GitLab is on a mission to provide top-notch security capabilities for its DevOps platform. This includes both scanning code before it is shipped to production as well as continuing to scan environments running in production. When GitLab set off to add production scanning capabilities to its offering, it wanted to find a scanning engine that could be used in the CI pipeline as well. To evaluate whether a new path forward could offer better customer value while lowering the work required of GitLab engineering teams, GitLab kicked off a research initiative to compare solutions that might replace its current default CI pipeline scanning tool.
“As far as our engineering time is involved, we can only realistically do tight integrations with a limited number of vendors and maintain those sustainably. We have to prioritize our time and resources around those that we feel like are really going to provide the most value for our customers. So typically, we do a research spike to compare solutions,” explained Sam White, Senior Product Manager overseeing the security capabilities that serve GitLab customers in the Protect stage of GitLab.
Integrating open source solutions with its commercial capabilities allows GitLab to achieve the best use of its engineering teams’ time. “We try to leverage as much open source technology out there as we can. We certainly don’t want to go reinvent the wheel,” explained White. For GitLab, open source can help alleviate engineering cycles for other key projects.
When evaluating potential vulnerability scanning solutions, White and the team considered a variety of options. As they refined their approach, they identified critical requirements for adoption.
GitLab’s evaluation criteria for vulnerability management and container security solutions included:
This criteria helped White and team to establish the short list of candidate solutions, which included Aqua Trivy, to support vulnerability scanning throughout CI/CD pipelines.
When evaluated against GitLab’s selection criteria, White and his team saw some clear reasons to select Aqua Trivy. “When we did compare Trivy, we found that we got really good results, and really timely vulnerability data back. It also had support for offline scanning and offline updates, which we had with our current scanner, and so it was important for us to maintain that capability.”
GitLab’s evaluation resulted in a list of key capabilities and benefits of incorporating Trivy into GitLab’s DevOps platform, including:
The result of GitLab’s evaluation process was to implement Trivy as the default container vulnerability scanner for its Gold and Ultimate customers on version 14.0 and above. This scanning capability runs by default for customers using its DevOps lifecycle tool, Auto DevOps. Auto DevOps seeks to eliminate complexity by automating key aspects of pipeline configuration, integration, and testing.
GitLab has a much broader vision for its customers’ security-by-default capabilities. White comments, “In the containerized world, there are a lot of new concepts to learn. How does networking work? How do your firewall rules work? How do you even do scanning in this world where you’ve got containers spinning up and going down and things are a whole lot more ephemeral than they used to be? We’re looking to help provide that easy button for users, where it’s built-in by default.”

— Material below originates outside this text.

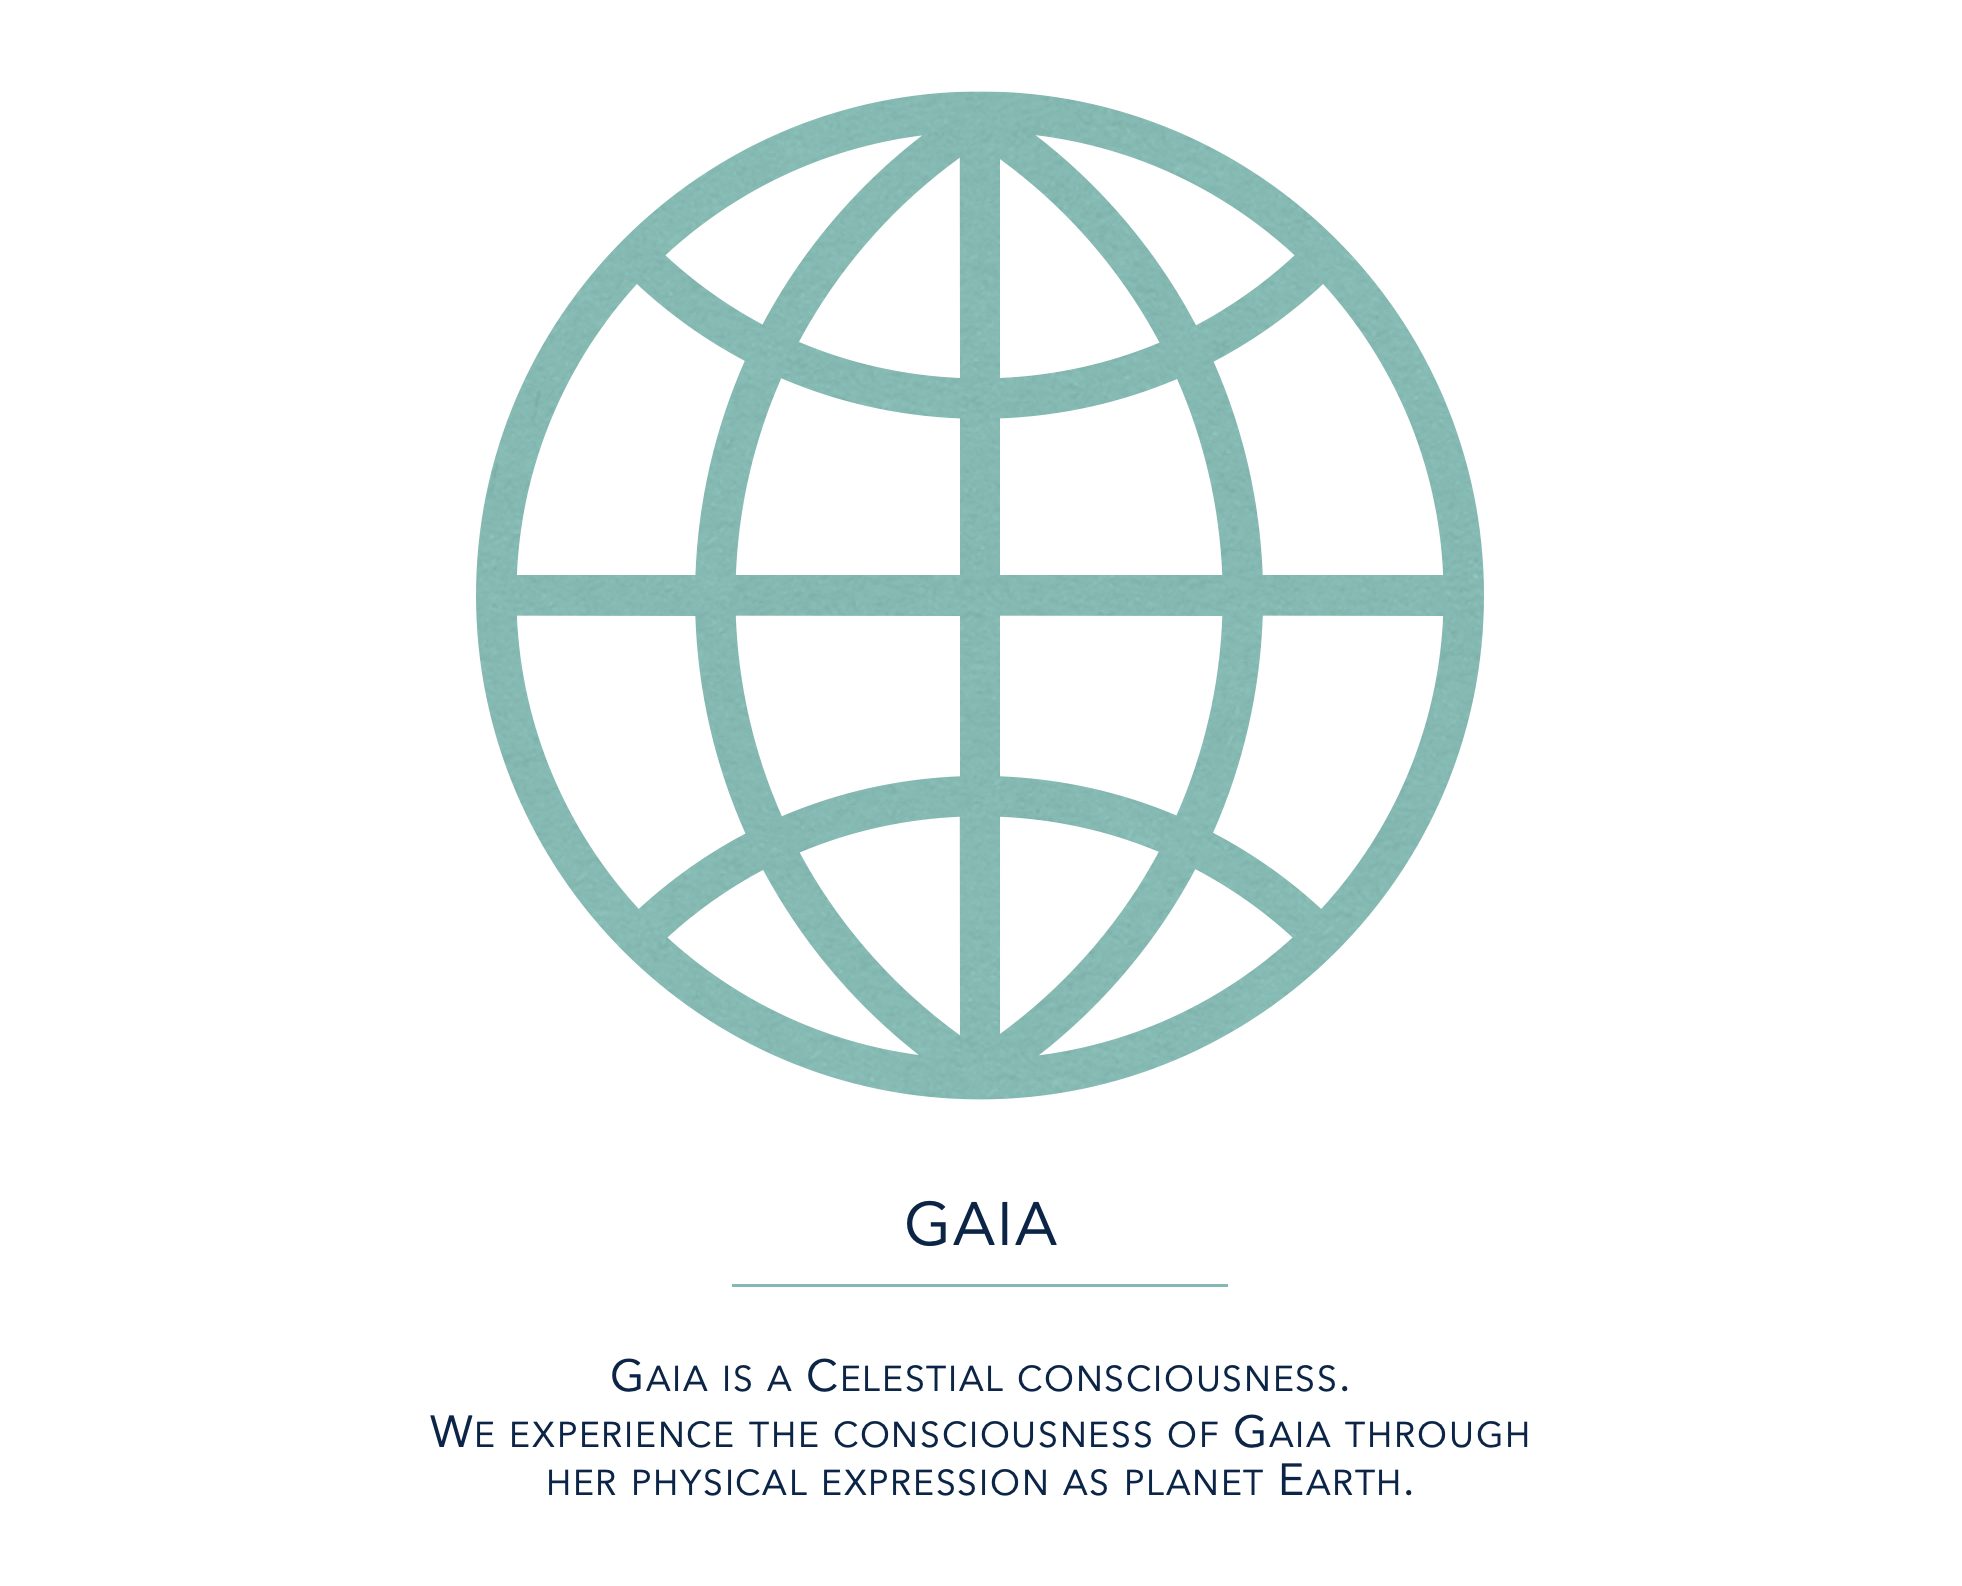 Gaia is a Celestial consciousness.

Based on this vision, one of the other benefits in choosing Aqua Trivy was its compatibility with Aqua Starboard, a sister open source solution that can run Aqua Trivy in production environments. Early in 2020, GitLab acknowledged an emerging trend for SecOps teams to require their own set of robust security controls to manage vulnerabilities for containers in production, and they needed a way to get risk information into the hands of developers for faster remediation, directly in their DevOps tools.

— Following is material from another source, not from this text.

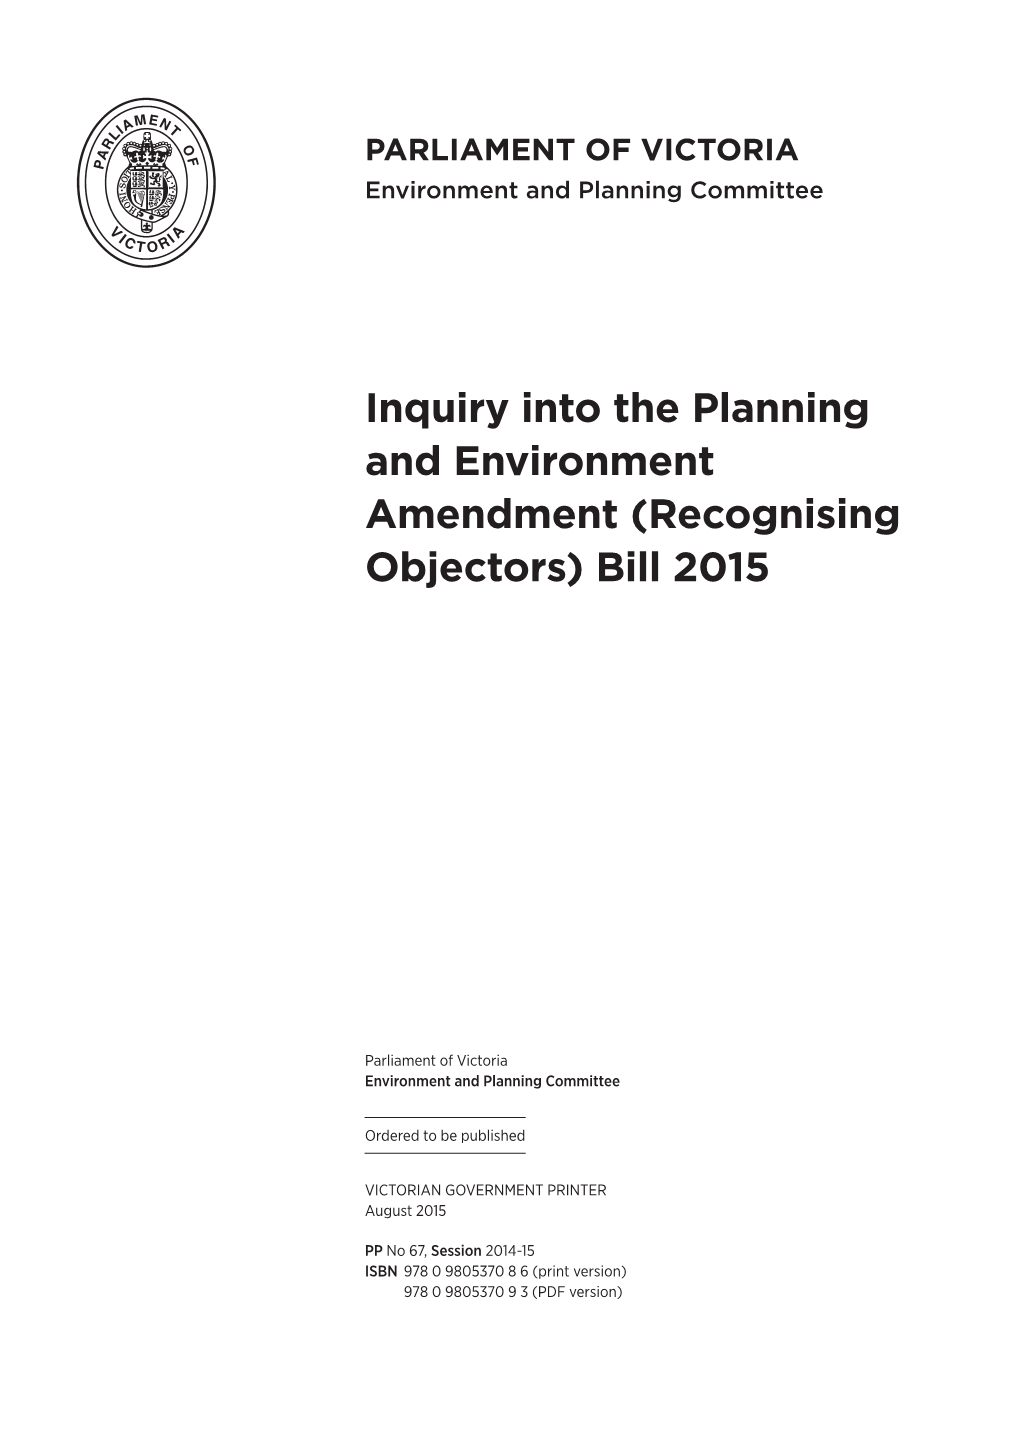 Recognising Objectors) Bill 2015

What White is looking to provide with Aqua Starboard includes:
As GitLab pursues end-to-end container security risk visibility for GitLab users, White articulates a goal to combine Aqua Trivy and Aqua Starboard with other security capabilities in the GitLab portfolio. Doing so would evolve the standard for real-time protection against risks in production. “Where we really see this headed is: Trivy finds a vulnerability in production [with Starboard]. We then take a look at what that vulnerability is, the nature of it, and we actually… take all of that data and eventually start tying that into our production capabilities around firewall protection and IDS/IPS, to help provide for real-time mitigations or compensating controls to protect things real-time in production. This buys the developers needed time so they are able to go and vet a more formal fix.”
GitLab emphasizes strong relationships with its partners and its customers, and values the community support of its end-to-end DevOps platform.

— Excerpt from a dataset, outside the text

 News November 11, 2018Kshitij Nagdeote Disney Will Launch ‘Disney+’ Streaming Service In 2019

For GitLab, open source is synonymous with innovation. While the GitLab team derives great benefit from community contributions, they pride themselves on giving back. “When we see an enhancement or we hear a need from our customers that’s shared by the Trivy product as well, we can push that upstream into the open source project and make that available for anyone and everyone who’s using Trivy, regardless of whether or not they’re using GitLab,” explained White. “And so, again, that partnership and close collaboration is probably just one other thing that really stood out to us during the selection process that was the icing on the cake.”